Op-Ed: Amending The Inflation Reduction Act To Save Our Waterways
By Robert Murray
President, National Association of Waterfront Employers
As the U.S. turns its attention to improving the health and safety of our communities, marine terminal operators (MTOs) have an opportunity to play a critical role in reducing emissions that impact people and our planet. Ports have historically relied on diesel-powered equipment to transport and handle cargo, and government has begun taking action to reduce emissions generated by trucks, cranes and other cargo-handling equipment. In August 2022, the government passed The Inflation Reduction Act (IRA), which includes $3 billion to fund decarbonization efforts across America’s ports.
Part of the allocated budget is designated to help port authorities and operators switch to zero or near-zero emissions equipment. While this is a unique moment to accelerate port cleanup efforts and protect waterways, the legislation has three major flaws that could impact port operators’ ability to adhere to the program’s provisions.
1) No transitional approach to retiring old equipment. Pushing for rapid equipment transition feels like the right thing to do amid the urgency of the climate crisis, but moving too quickly could do more harm than good. Switching to electric-powered equipment within a certain timeframe means that some diesel-fueled tools won’t get used to their fullest extent before being taken out of service. This effectively reduces the ROI of thousands of machines with remaining operational life, a challenging outcome for small ports that may have a hard time rebounding from lost value in their diesel equipment.
2) Minimal American-made equipment options. To boost the U.S. economy, the IRA includes a mandate for port operators to purchase electric equipment made in the U.S. While it’s an excellent idea in theory, not all of the specialized port equipment is produced in America. Unfortunately, machines purchased from overseas manufacturers don’t qualify for the program—leaving port operators with no way to subsidize these expensive costs. Unsubsidized equipment investments would likely be out of the question for ports that handle smaller cargo volumes as it would take longer to earn the money back.
There’s also the challenge of lengthy production timelines. Although equipment manufacturers and battery suppliers are developing electric port equipment, there is still a one- to two-year wait for some models. These wait times will hit small ports hardest since they often lack the relationships with manufacturers and the resources to pay for equipment years ahead of time.

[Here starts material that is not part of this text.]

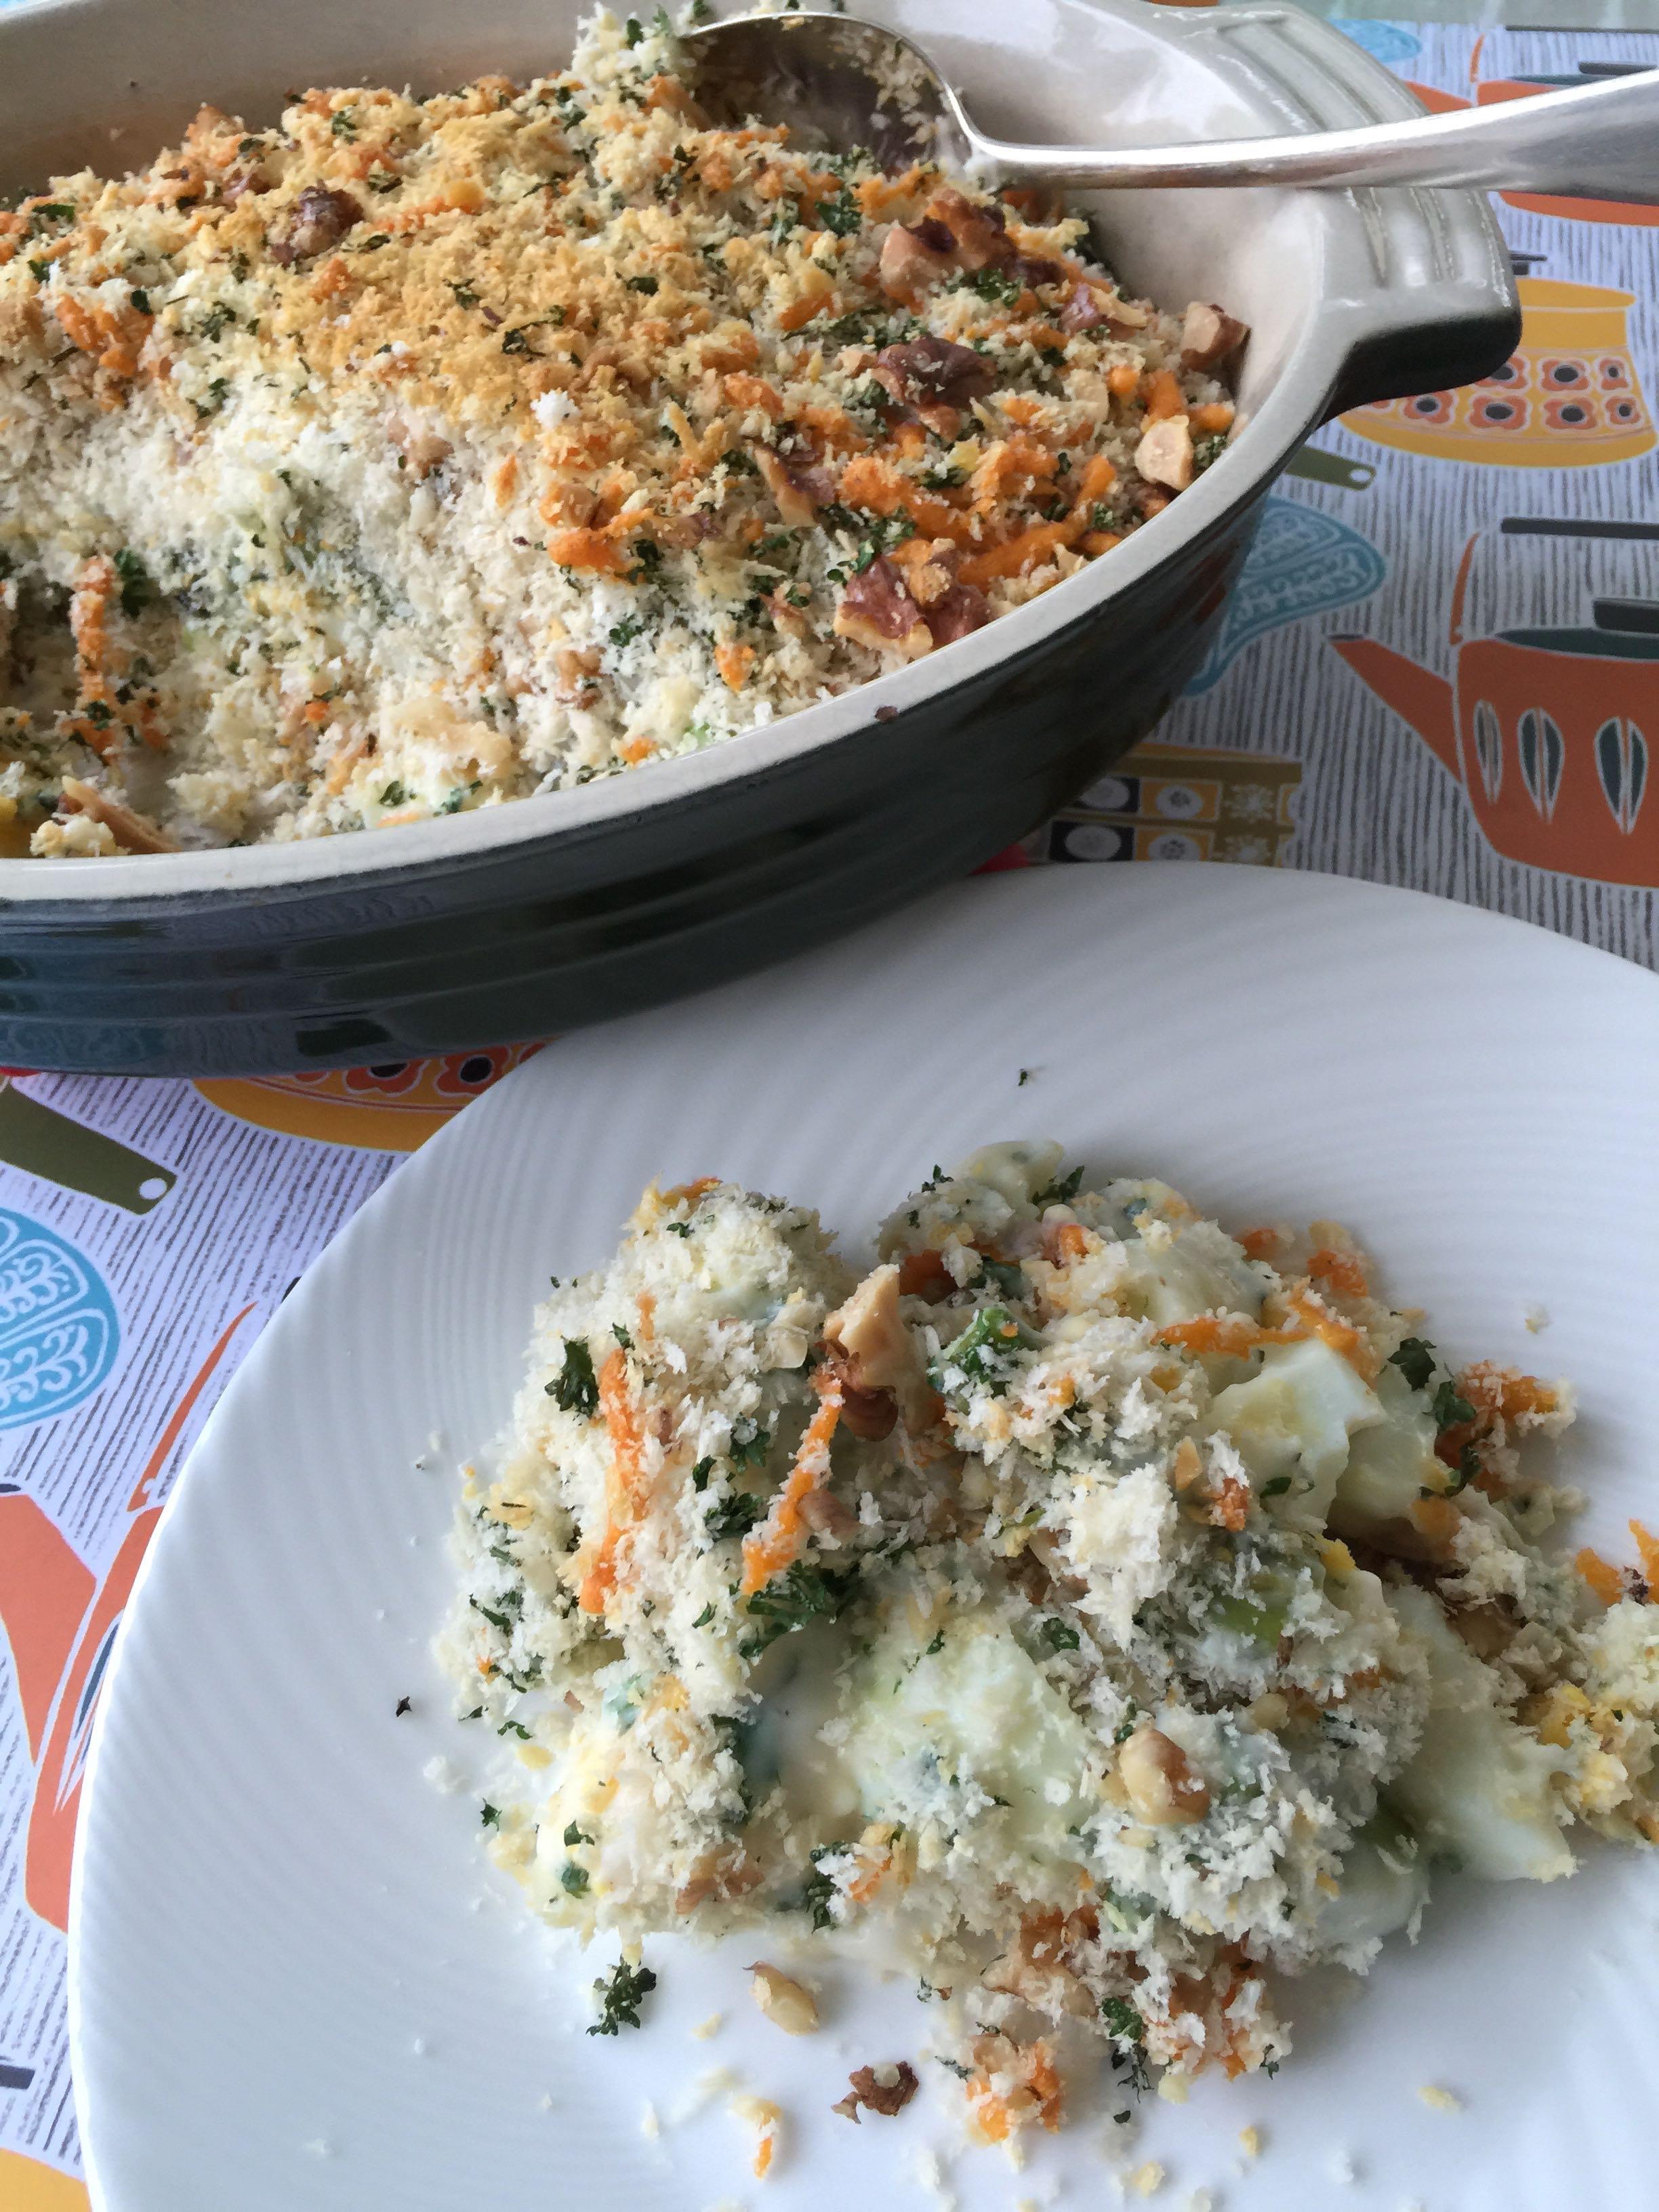 Asparagus and egg crumble

3) Infrastructure support. Preparing to launch zero- and near-zero emissions equipment fleets drives a dramatic shift in the use of electricity at a port. The physical footprint of each port needs to be adapted to include infrastructure for charging heavy machinery and vehicles, as well as onsite locations to charge equipment. Port operators are not prepared to handle updating the utility infrastructure without ample support and guidance from utility engineers.

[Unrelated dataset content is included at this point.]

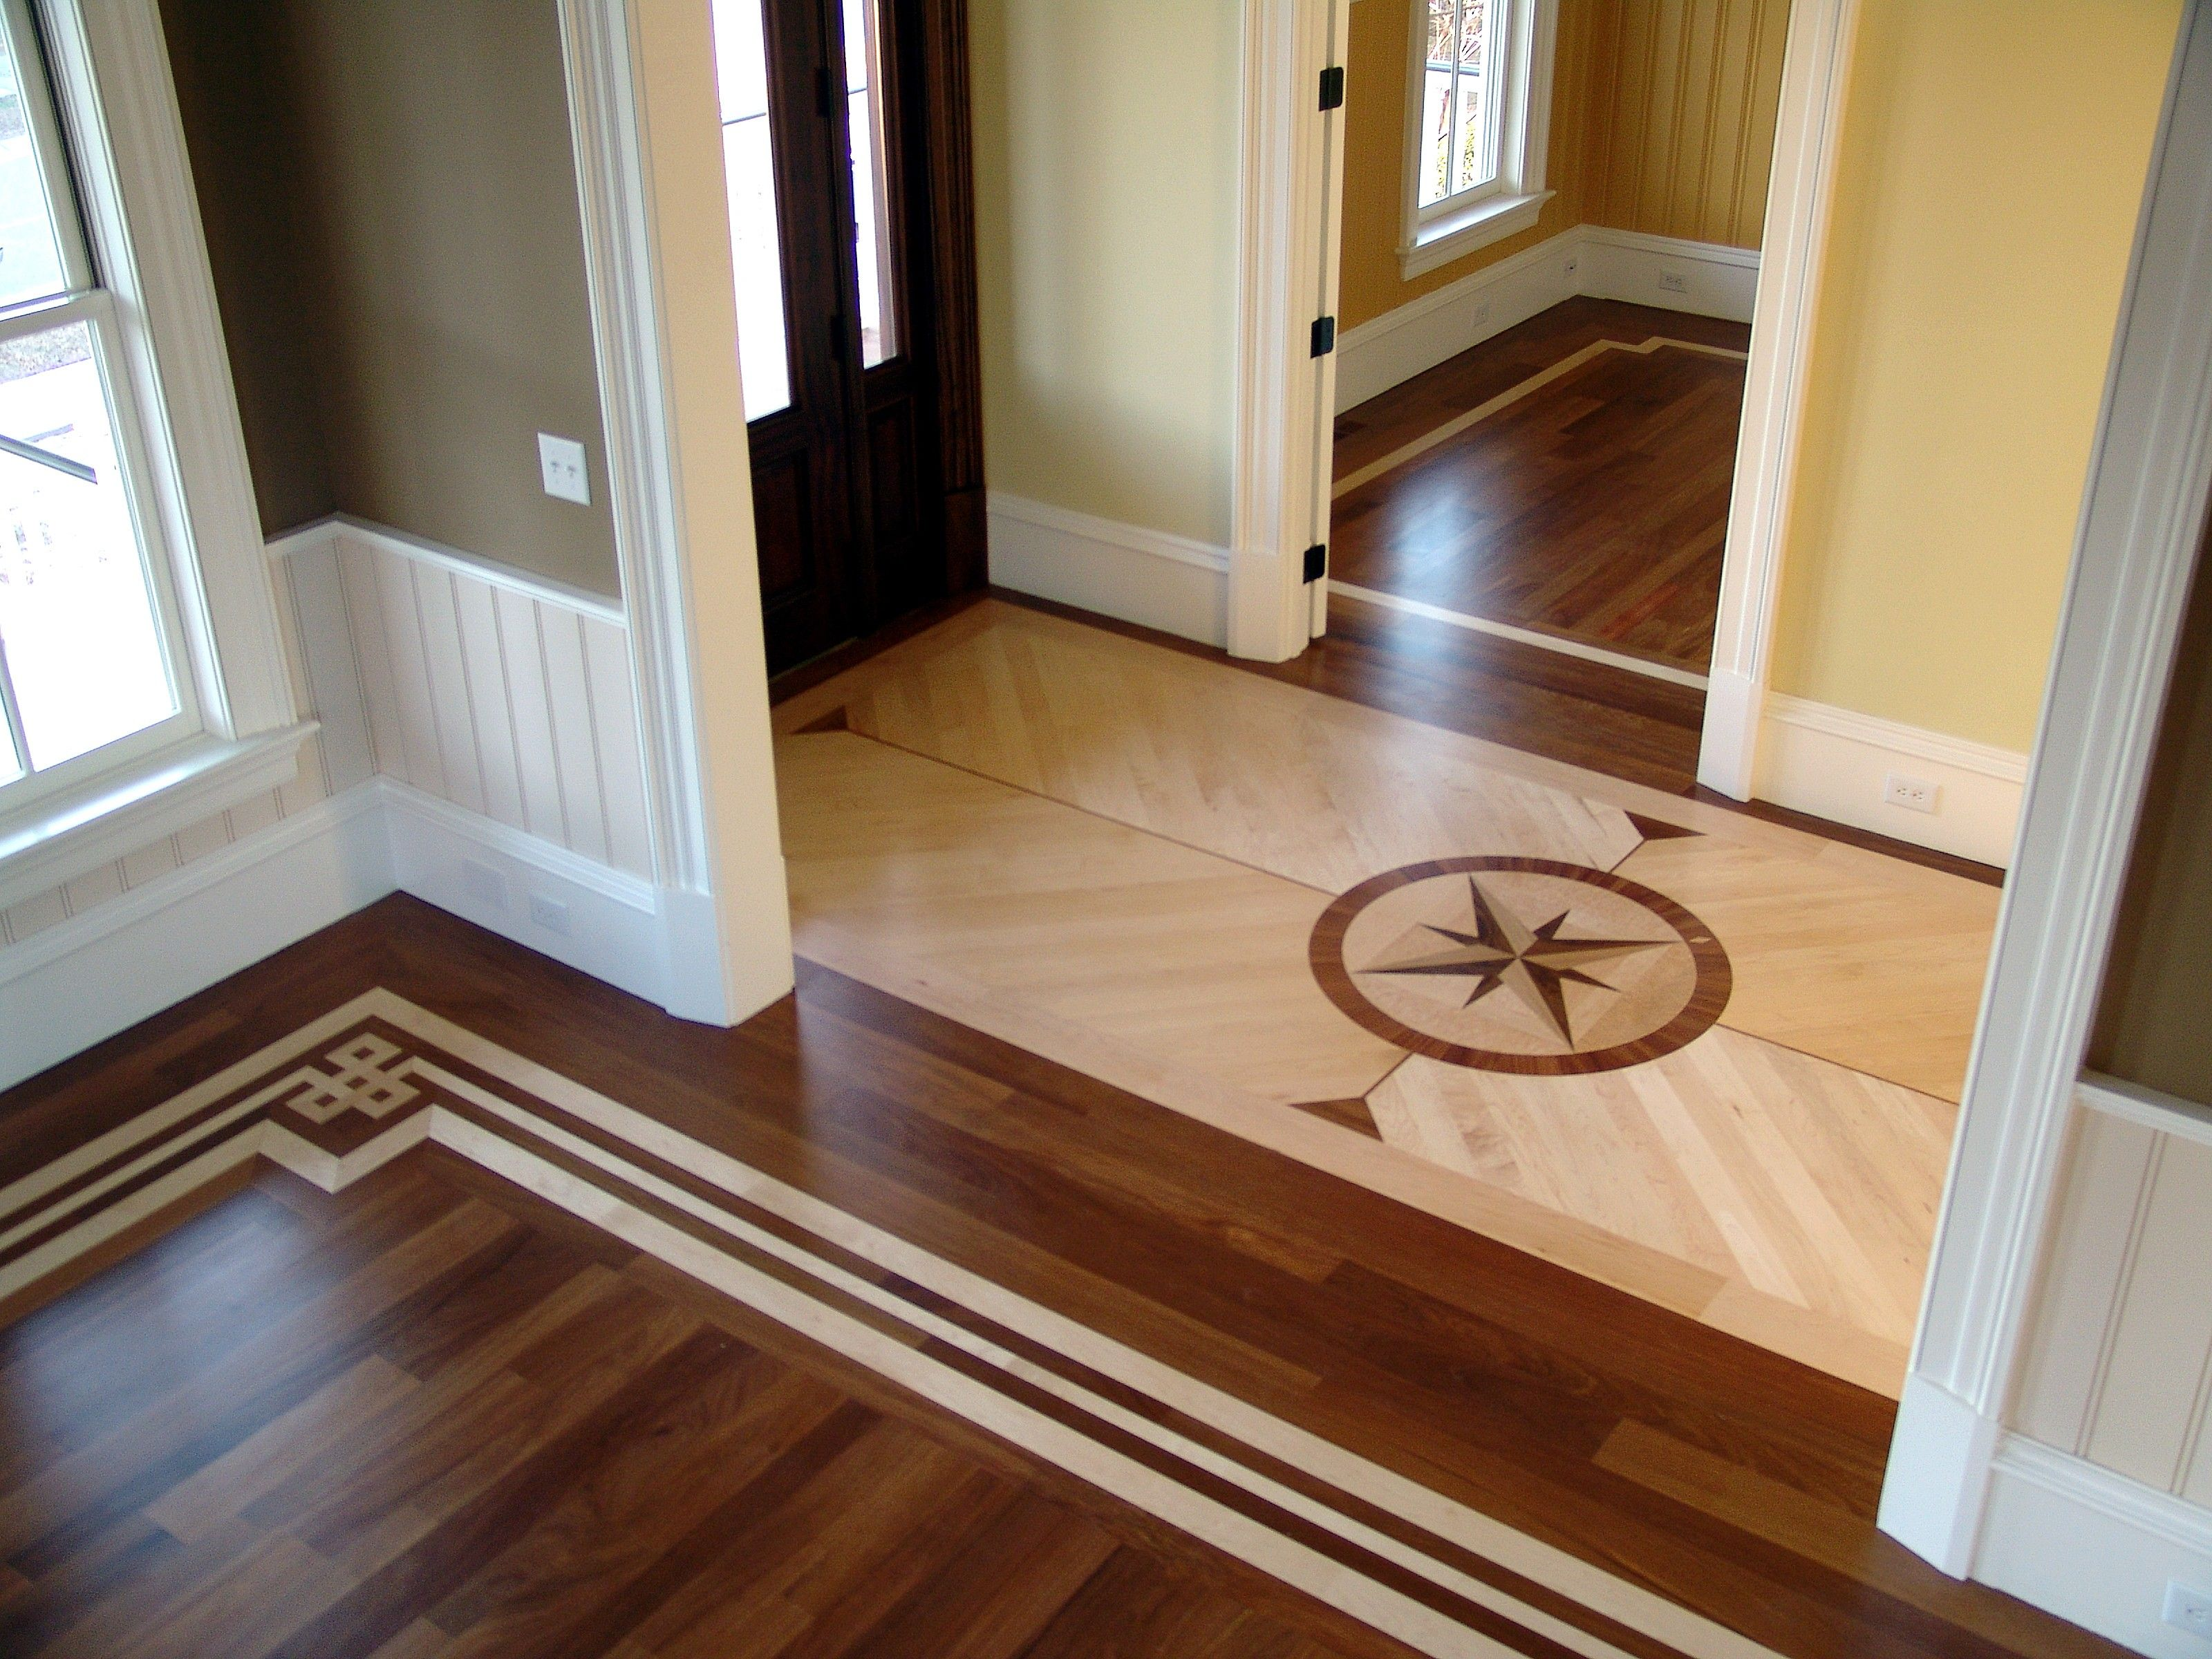 1000+ images about Hardwood flooring on Pinterest - ^

To ensure port emissions can be mitigated smoothly, operators should ask the EPA for a more transitional approach to equipment replacement—one that allows for the purchase of specialized equipment outside of the country. Finally, advocates should encourage the EPA to include methods for supporting utility infrastructure changes necessary for the successful shift to zero- or near-zero equipment.
About the Author
Robert Murray is president of the National Association of Waterfront Employers (NAWE), which represents the U.S. marine terminal operator (MTO) and stevedoring industry in Washington, D.C. NAWE promotes marine cargo efficiency, security and health, a clean environment, international trade and economic growth through advocacy, education and industry cooperation.